Recently I was working on a SQL performance problem and looking at the statement I found an unusual clause of the form
where NVL(date_column,sysdate) < date '2022-10-01'
Note: in the example I’ve used a date literal for the sake of illustration. The actual code used a variable; but the problem exists either way.
Checking with the users, I found the date criteria would always be for prior months. That is, this query ran in October 2022, looking for data from September and earlier. The next time this process would run would be in November, looking for October data and earlier.
Since the query always looks for data from prior months, any NULL values for the date_column will be converted to the current date/time which will always be greater than or equal to the date limit parameter. Even if the report ran at 2022-10-01 00:00:00.0 it would still exclude all NULL values by converting them to a date outside the specified upper range. Thus causing the NULLs to be excluded from the report.
So, the condition, as written, does function as intended; but it’s not necessary. If the date_column is NULL for a row, the condition for that row will be evaluated like this:
where NULL< date '2022-10-01'
The condition will not evaluate TRUE for NULL. Thus causing those rows to be excluded without needing to apply the NVL conversion
Furthermore, in this particular example, the date_column was indexed. So applying the NVL function to the column values prevented that index from being used. One might be tempted to create a function-based index on the NVL(date_column, sysdate) results but that won’t work because SYSDATE is not deterministic. You could, instead, use a static date impossibly far in the future so the condition will always return false. Something like this…
NVL(date_column, date '9999-12-31')
Then modify your queries to use the same construction in the SQL queries.
Following those steps would work, and would likely produce better performance by letting the optimizer use the new function-based index; but doing that, every row in the table will be indexed whether it is null or not. And, all those null values are values that you already know you will not want to be returned. So you are creating a new index and filling it full of values for the sole purpose of ignoring all those values.
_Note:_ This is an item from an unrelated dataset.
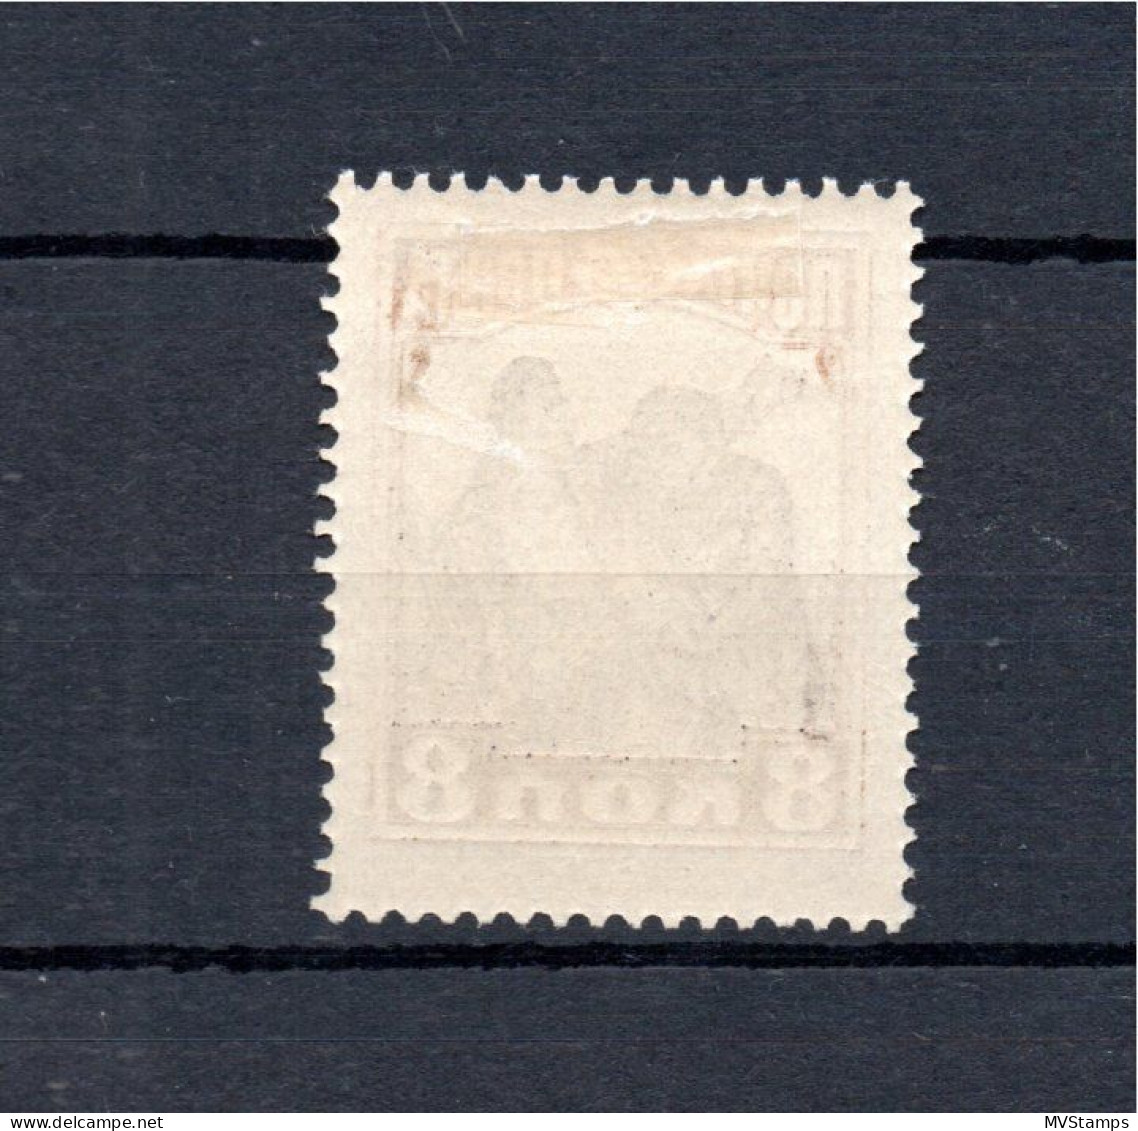 Russia 1927 Old 8 Kop.October-Revolution Stamp (Michel 331) Nice MLH - Ongebruikt

Yes, it will work, but when stated like that, you can, hopefully, see that it’s a design that doesn’t sound quite right.
Also, remember the original date_column was already indexed. So not only can the simpler where date_column < date ‘2022-10-01’ use that index; but the null values for the column will not be included in that index. Thus, this index implicitly excludes all of the rows with NULL that we know we don’t want in our report.
In summary, adding extra “smarts” to the condition to try to handle NULLs only added complexity and a performance hit while providing no functional benefit over simply letting NULLs be processed, and excluded, natively.
Making the small change to the where clause to the form of
where date_column < date '2022-10-01'
not only improved performance by letting the index be used, the plan as a whole changed with a new driving table since the index statistics were now useful information to the optimizer.
The resulting performance benefit was about 350 times faster, again, simply by taking out the NVL() call and letting the NULLs do the work for them.
While I enjoy providing helpful tips, I’m especially happy to do so in memory of Joel Kallman in honor of all he gave to the Oracle community.
Thank you for reading, I hope you find it helpful. Questions and comments, as always, are welcome.